Enter the crock pot. I cannot claim that I was actually thinking about spiritual concepts of “home” when I decided to start using the crock pot my mother had given me.  Really, I was just tired of cold and scanty suppers. I knew how to cook, but when I would come back from campus at 8 or 9 PM, I was either anxious to begin my night’s studying immediately, or I was simply too tired to cook. The crock pot solved this problem. Before leaving in the morning, I could put in all the ingredients for a stew, or a bean ragout, or a soup, set the pot on “low,” and return eight hours later to a warm and ready meal.  
It was heartening, to say the least, to come home to the smell of warm food. A few weeks later, when my parents came down for Thanksgiving, I mentioned how depressing it was to come back to a dark apartment each night. My parents offered a very practical solution: a timer for a lamp. The timer my father bought me is the same kind people will use for their Christmas trees, or radios when they are out of town. I could set it to turn the lamp on just before I arrived home each night. And then, at a yard sale, I paid $2 for a bread machine. The bread machine also has a timer, so I could synchronize  a loaf of bread, crock-pot stew, and the lamp.  

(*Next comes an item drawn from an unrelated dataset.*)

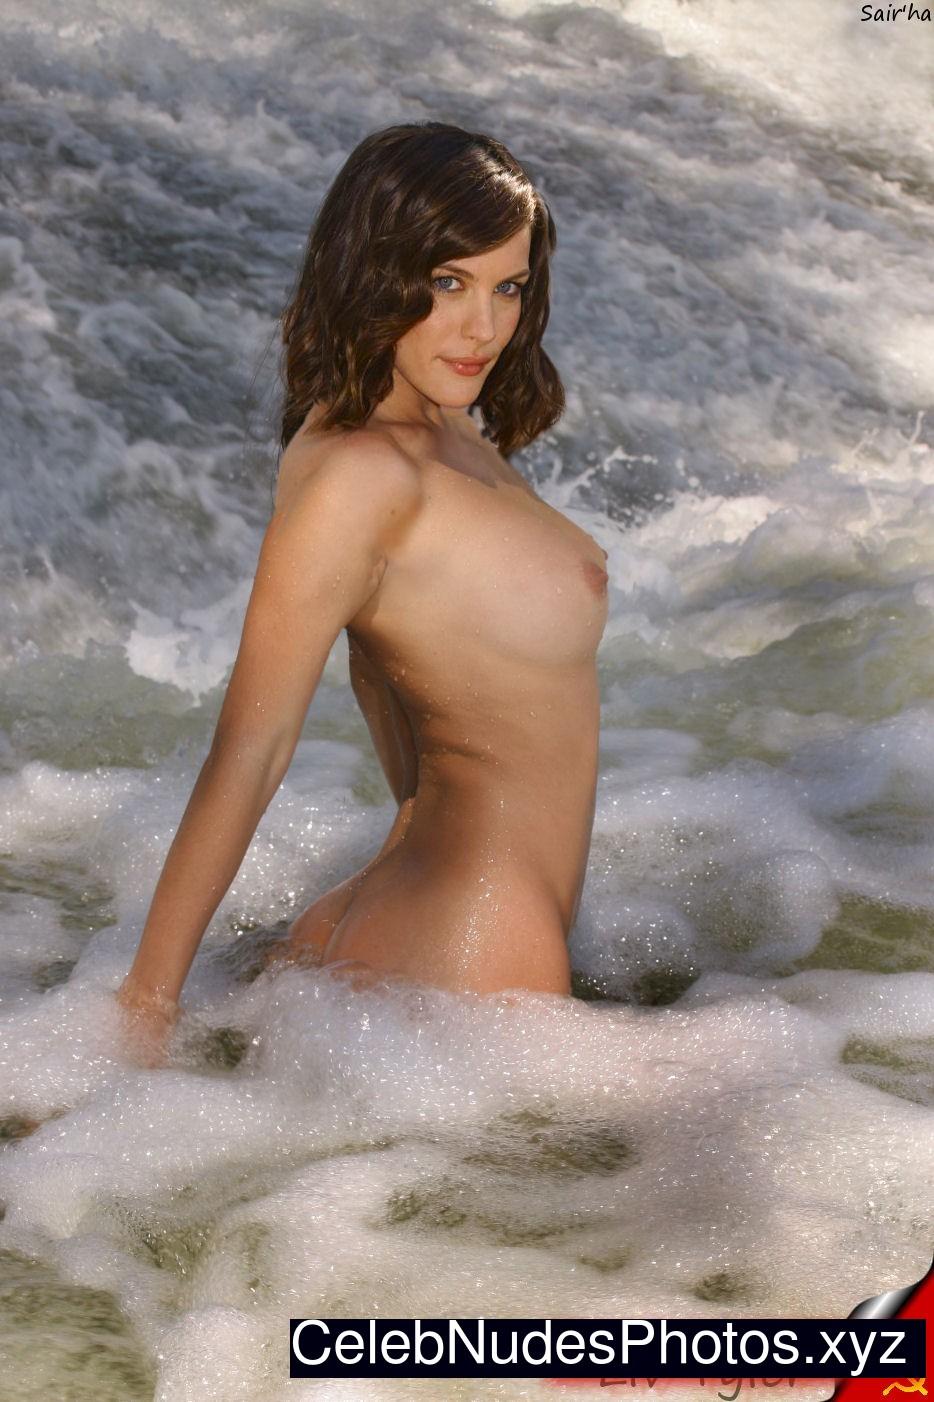 Cecilia Galliano Naked Stunning liv tyler celebrities naked - celeb nudes photos
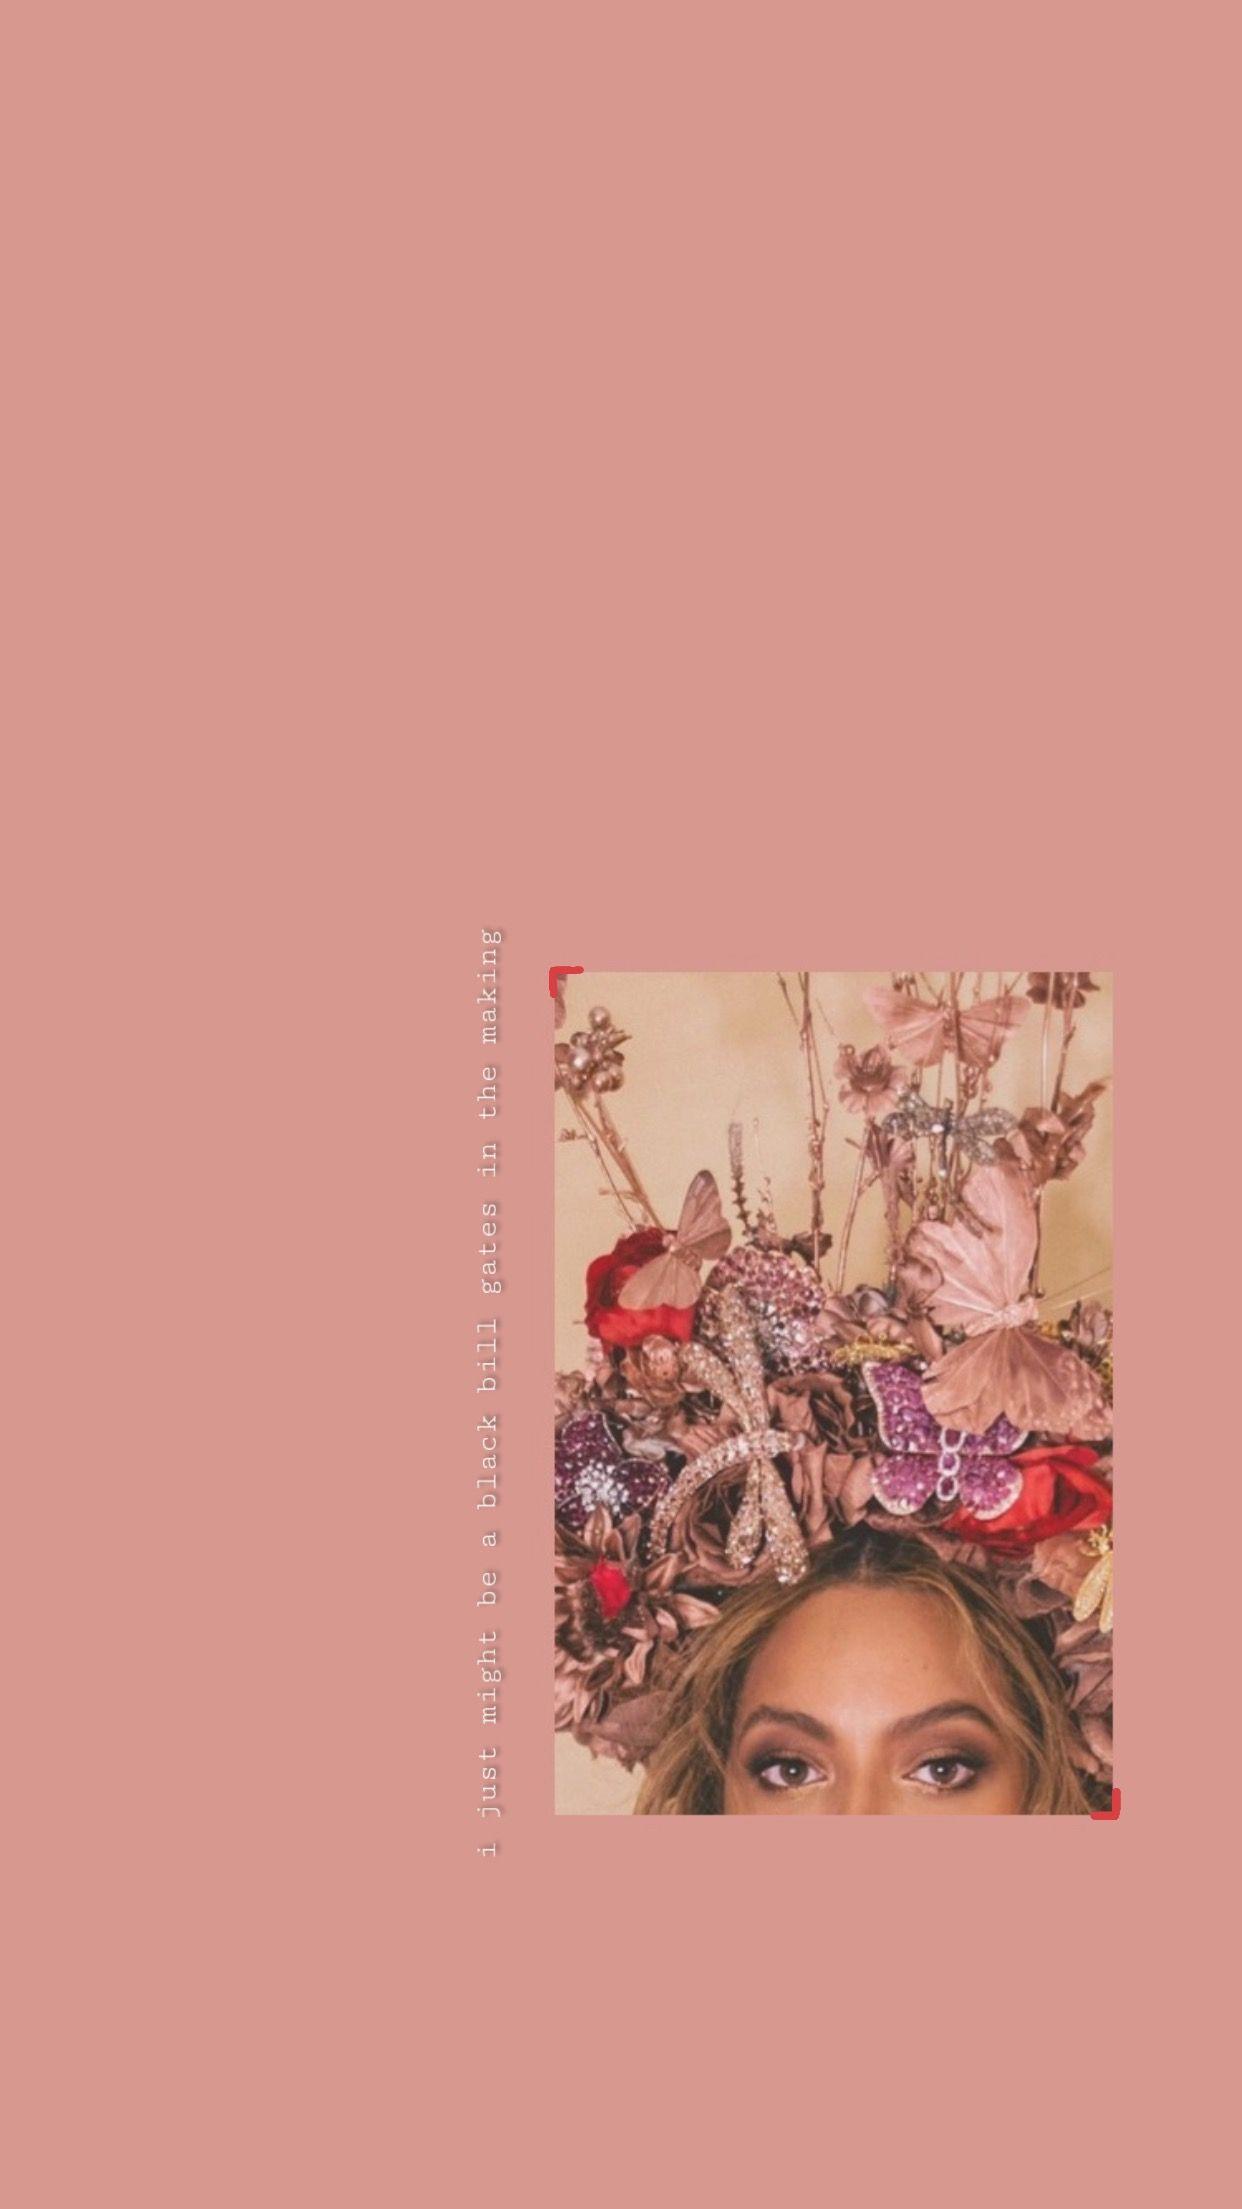 Beyonce Wallpaper Beyonce Photoshoot Beyonce Background Beyonce Memes

Light, soup, bread: I had never realized how precious they were. For the rest of that school year, I blessed that timer and crock pot every night, prayed that their inventors had lived long and happy lives.  
What then, did this salvation-by-crock-pot teach me about home? about church?
First, I realized that I could not wait for someone else to make a home for me. When I was a child, my parents created a safe and delightful home. As a teenager and college student, I was shy, so my more outgoing friends usually initiated our friendships; planned our parties; called (sometimes carried!) me away from my books to supper or a spontaneous road trip.  For years I had been saying that my wholeness came from my life in Christ, and for the first time, I was testing the truth of that claim. If I was to be a person a hope, a person of peace, a person of love, I needed to find that personhood in God. If I wanted to invite people into a bright, welcoming home, I needed to realize that I had the power to make the lights shine. 
Second, I realized that one way the church (not just the local congregation, but all the saints) makes a home for me is by reminding me that I am already “at home” in Christ. My parents knew that I had electricity, a lamp, and light bulbs. They simply gave me a tool that helped me use what I already had.  Calvary Baptist Church rescued me from darkness by showing me that I was already at home in Christ;  by affirming my decision to become a teacher and a scholar; by saying, “We see Christ’s love working in you. Would you use this love to serve the church in such-and-such a way?” 
My crock pot and my timer reminded me that my nook was beautiful, and that I had something to offer others. My church reminded me that my wholeness was in Christ, and that until I recognized that truth, I would never feel at home in any church or calling.  

Now I want to hear from you.  If you have ever lived alone, what were some practical things you did to feel “at home” in that place? Have you ever been a part of a church that recognized and named the good things in your life?  Have you ever been part of a church that has made you feel incomplete? 


                                              My nook, lamp-lit.